To add these, visit the link in my updated original post, there is a guide there on how to put sigs/avatars in your profile. Hope you like it!  :Smile: 

-shiny

----------


## Cheesy

Looks really nice Shiny! Good job, keep it up!

----------


## Shinyshoes

> Looks really nice Shiny! Good job, keep it up!

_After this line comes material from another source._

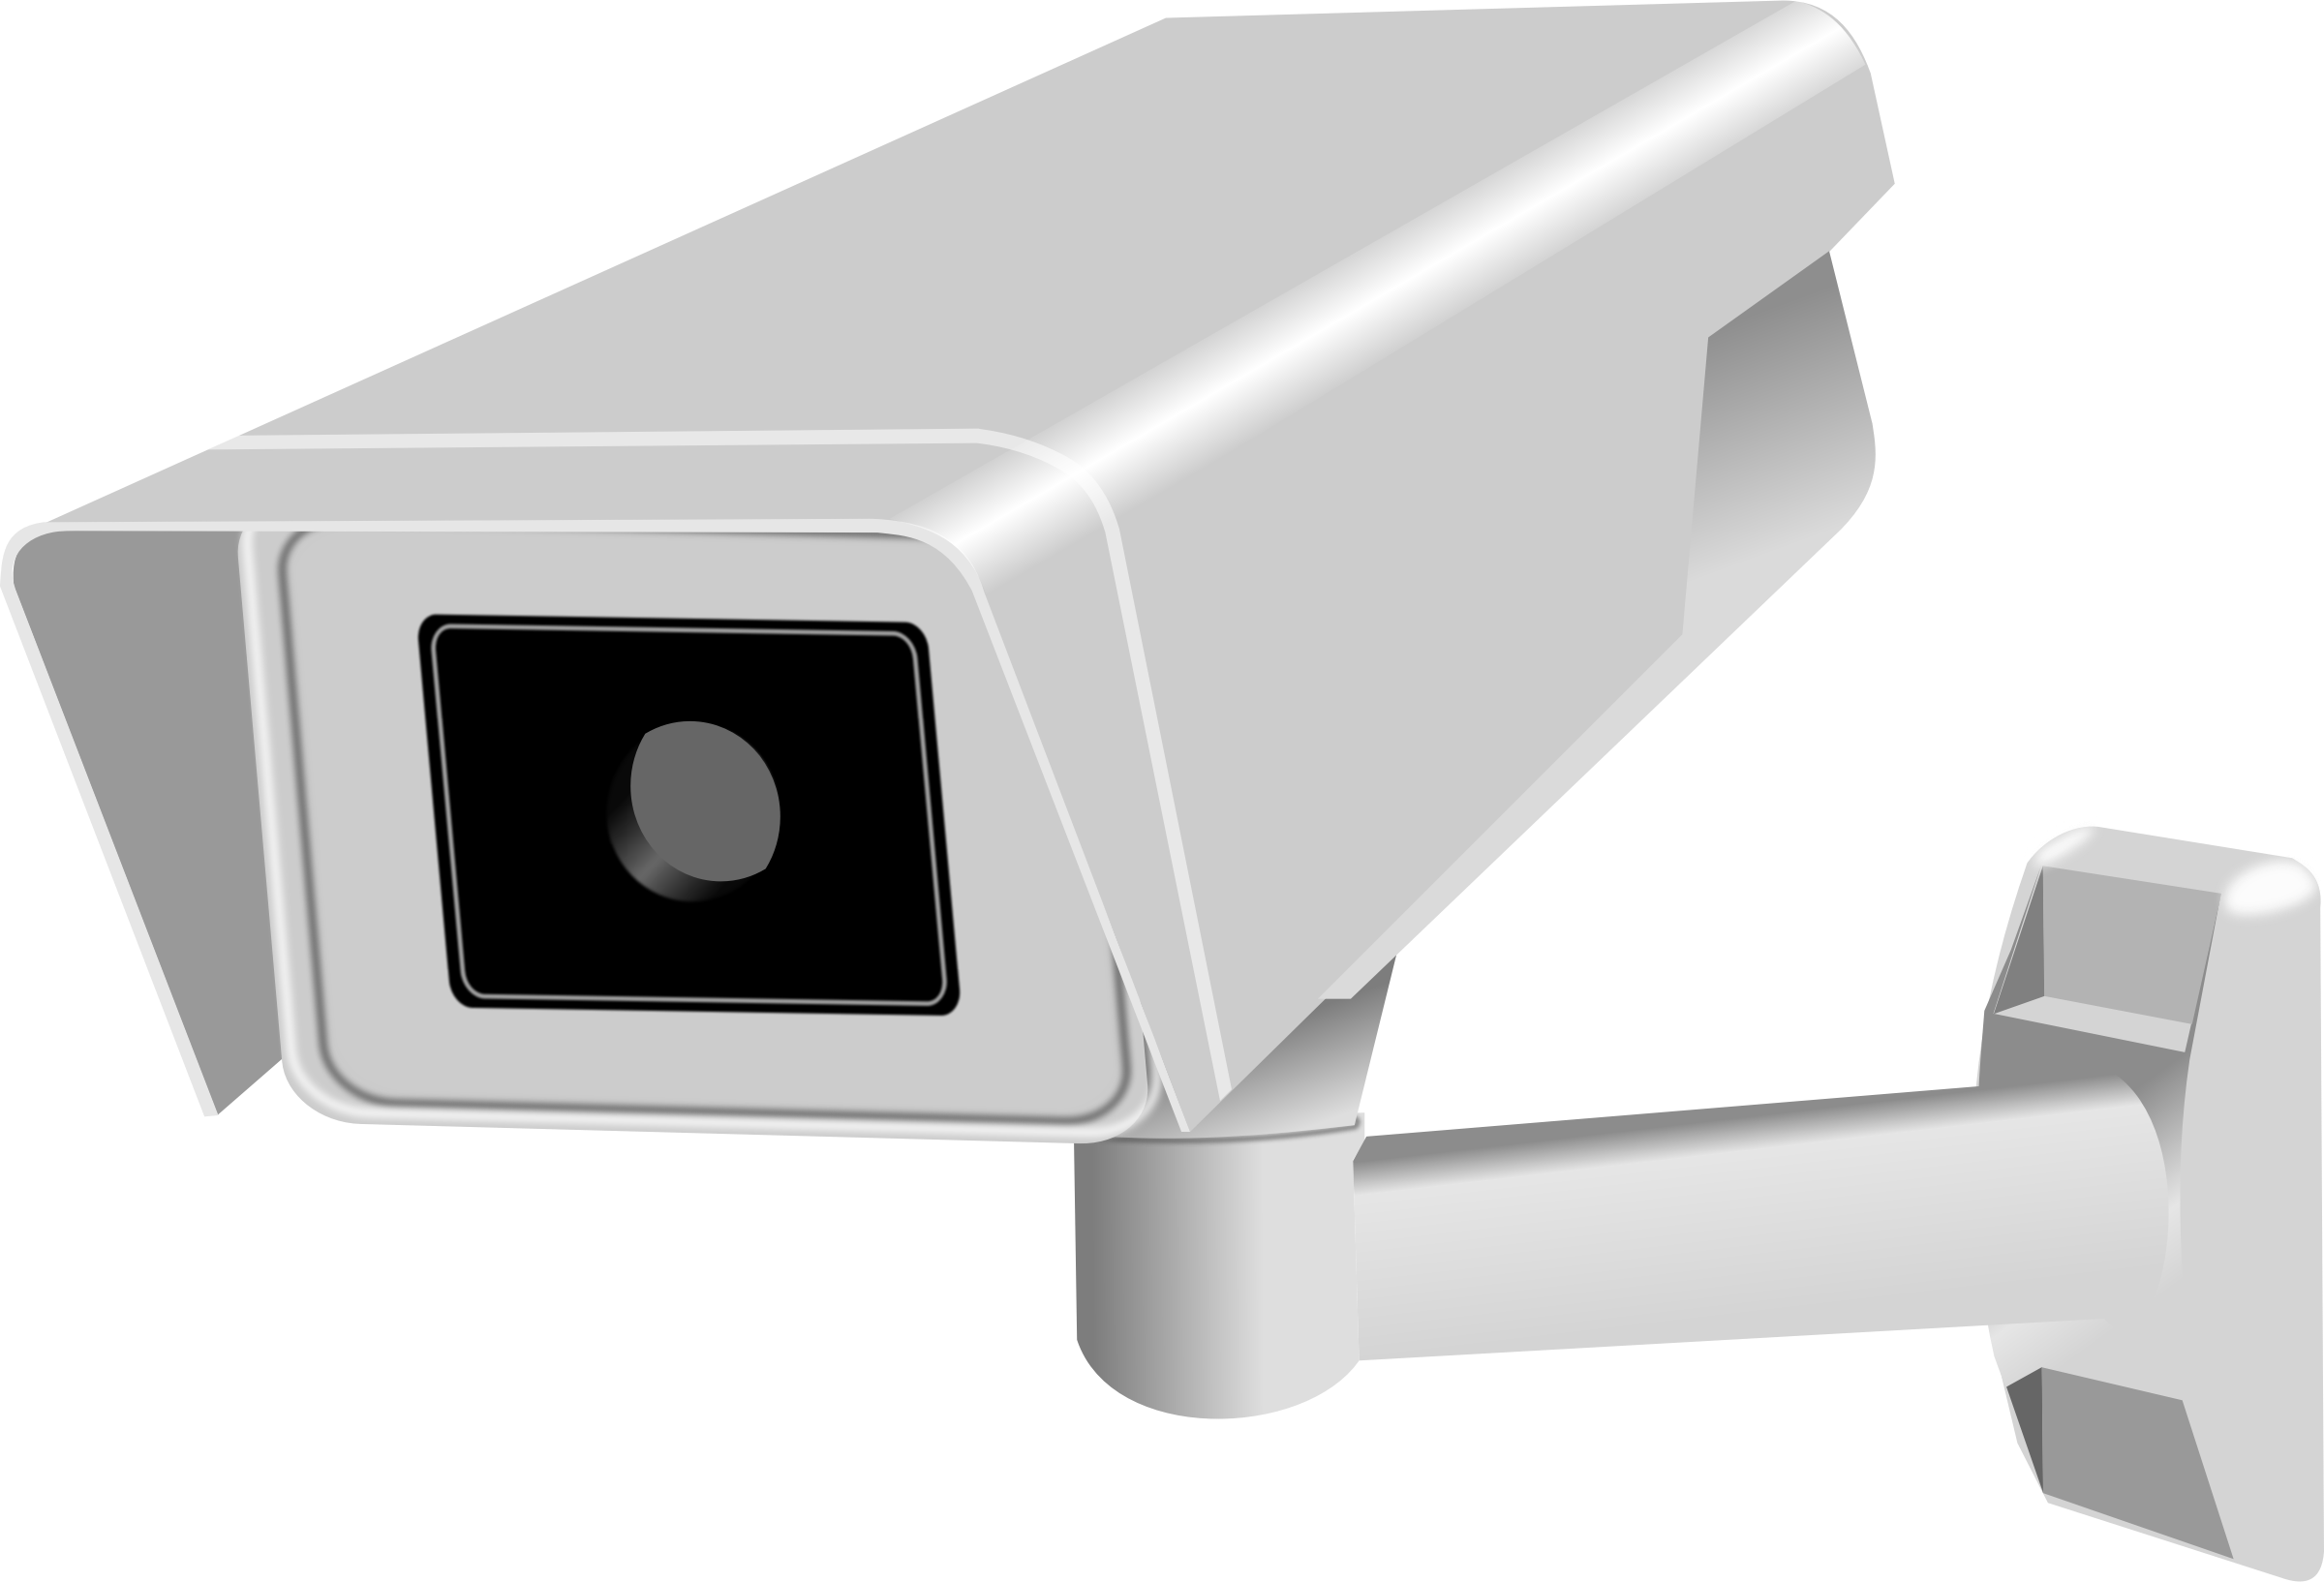 HD Security Camera Vector Art Image

Hehe, Thanks man  :Smile: ! <3

----------


## Zoidberg

You deserve rep

Thanks!

----------


## Shinyshoes

No problem.

----------


## Me0w

The signature is too big.  :Smile: 

Good job tho.

----------


## Shinyshoes

Yeah, but sometimes the thing resizes the image..I had to be safe. Ah well.

----------


## Bob_Magic

hey shiny do u save ur images as PNGs? cause some of the ones above look quite choppy, but other than that good luck with the service!

----------


## Shinyshoes

Nah I save them in jpeg.. or GIF for animated is PNG clearer?

----------


## Shinyshoes

I can probably do one more request today. If you request soon  :Big Grin: .

----------


## CarlosJ

> Nah I save them in jpeg.. or GIF for animated is PNG clearer?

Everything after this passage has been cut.